(HealthDay News) — A targeted radiotherapy technique can substantially cut treatment time for prostate cancer without increasing gastrointestinal or genitourinary acute toxicity, according to a phase 3 study published online in The Lancet Oncology.

Douglas H. Brand, MD, from the Royal Marsden Hospital in the United Kingdom, and colleagues performed an acute toxicity substudy using data from an international, phase 3, open-label, randomized, noninferiority trial in which 874 men with low-risk or intermediate-risk prostate adenocarcinoma were randomly assigned to either conventionally fractionated or moderately hypofractionated radiotherapy (441 patients; 78 Gy in 39 fractions over 7.8 weeks and 62 Gy in 20 fractions over 4 weeks, respectively), or stereotactic body radiotherapy (433 patients; 36.25 Gy in 5 fractions over 1 to 2 weeks).

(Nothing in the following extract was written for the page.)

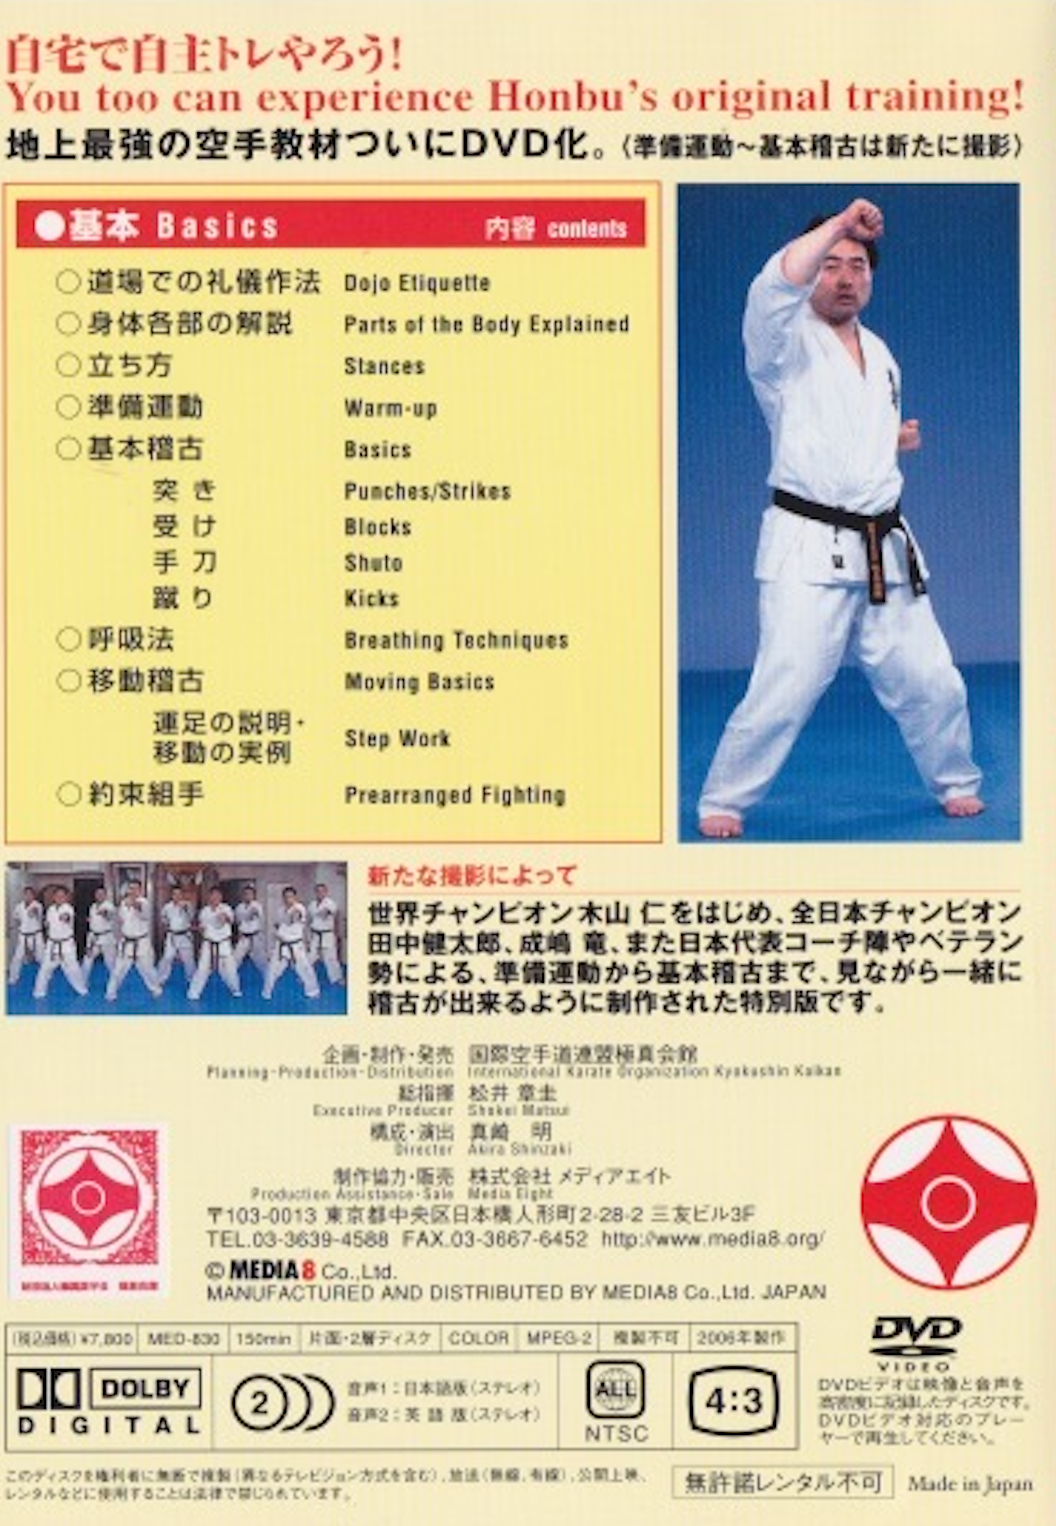 Enciclopedia de Karate Kyokushin Vol 1 y 2: DVD básicos.

The researchers found that worst acute Radiation Therapy Oncology Group (RTOG) gastrointestinal toxic effect (at least grade 2 severe toxic events) occurred in 12% of the patients in the conventionally fractionated or moderately hypofractionated radiotherapy group and in 10% of the patients in the stereotactic body radiotherapy group (difference, −1.9 percentage points; 95% confidence interval, −6.2 to 2.4; P=0.38). Worst acute RTOG genitourinary toxicity occurred in 27% of patients in the conventionally fractionated or moderately hypofractionated radiotherapy group versus 23% of patients in the stereotactic body radiotherapy group (difference, −4.2 percentage points; 95% confidence interval, −10.0 to 1.7; P=0.16). No treatment-related deaths were reported.

“Our results suggest that substantially shortening treatment courses with stereotactic body radiotherapy does not increase either gastrointestinal or genitourinary acute toxicity,” the authors write.

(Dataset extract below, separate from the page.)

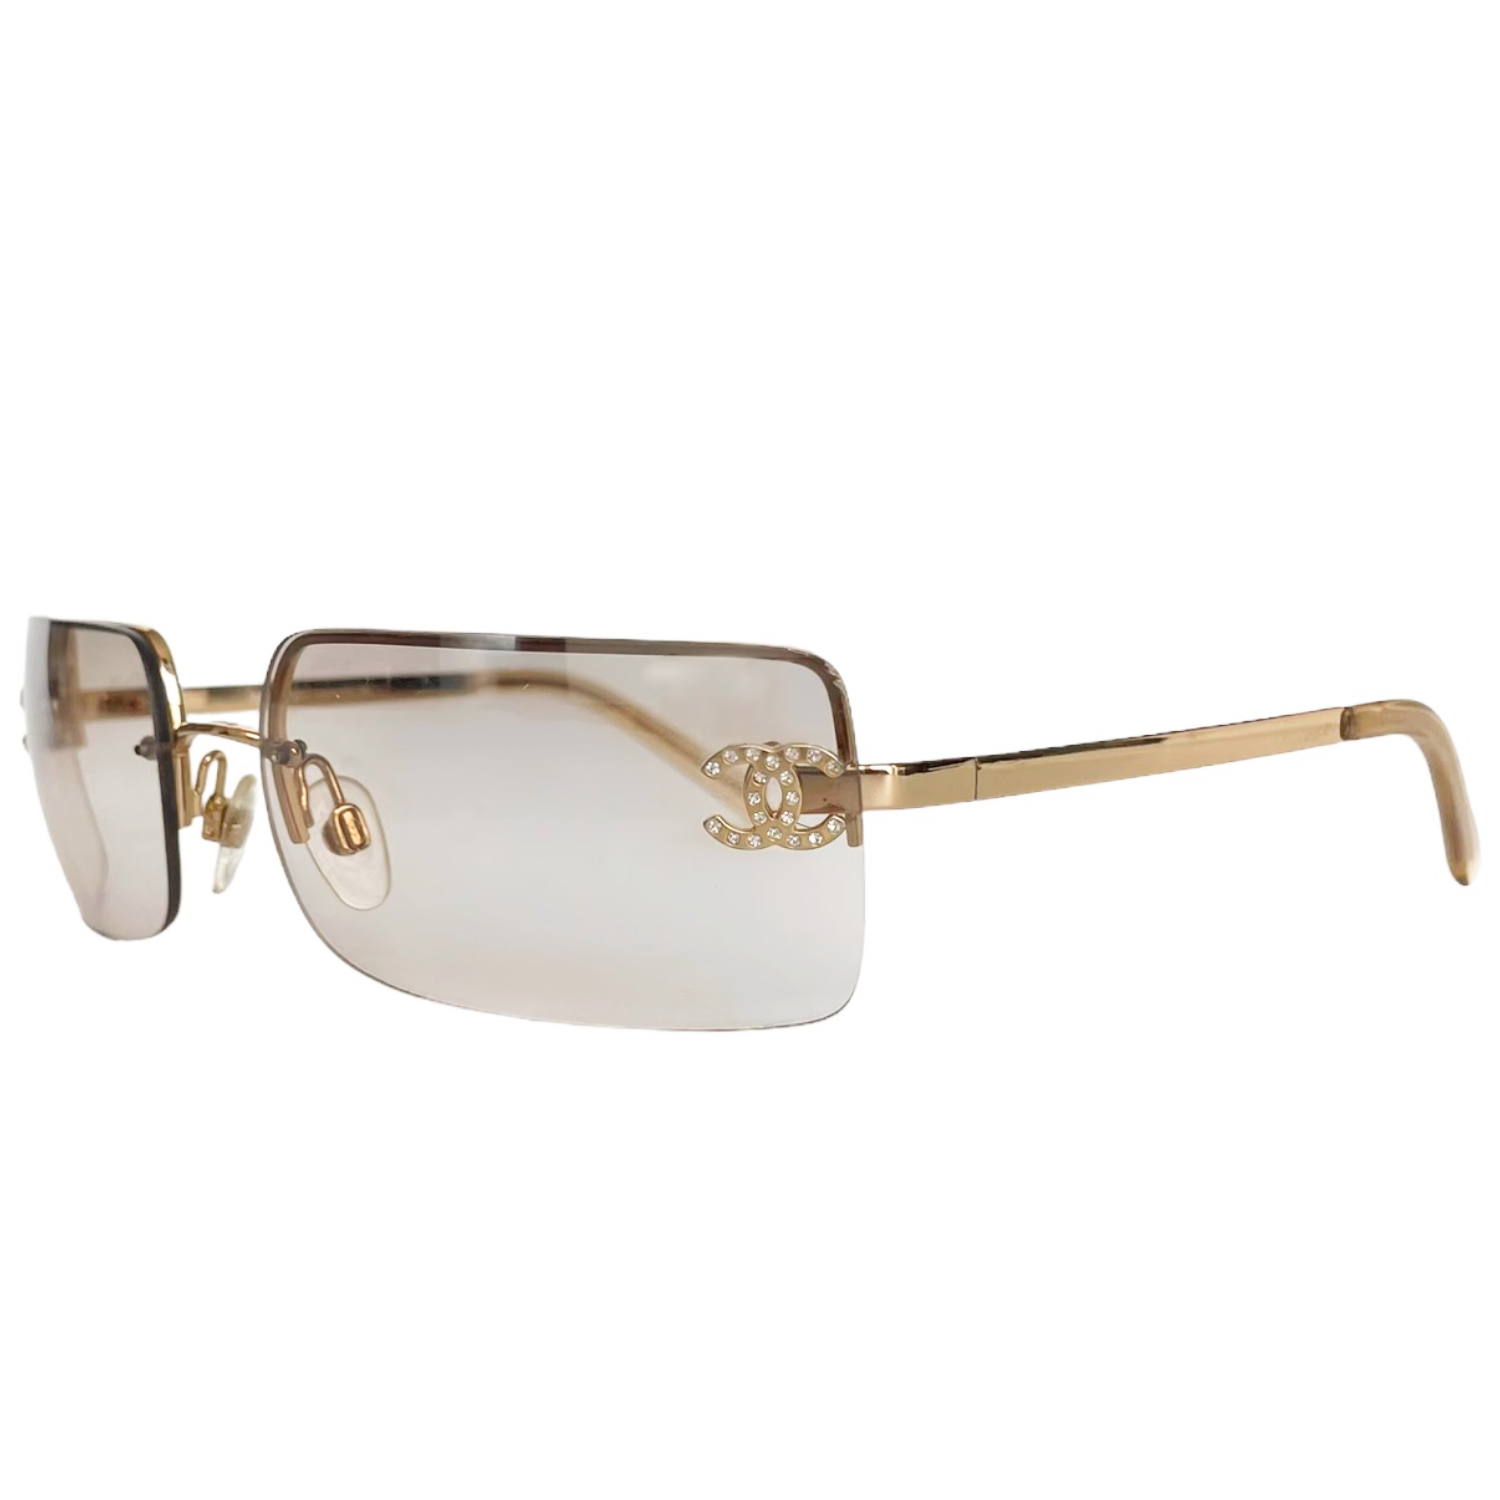 Chanel Diamante Rimless Sunglasses in Gold

Several authors disclosed financial ties to the pharmaceutical industry.

Reference

Brand DH, Tree AC, Ostler P, et al. Intensity-modulated fractionated radiotherapy versus stereotactic body radiotherapy for prostate cancer (PACE-B): acute toxicity findings from an international, randomised, open-label, phase 3, non-inferiority trial. Lancet Oncol.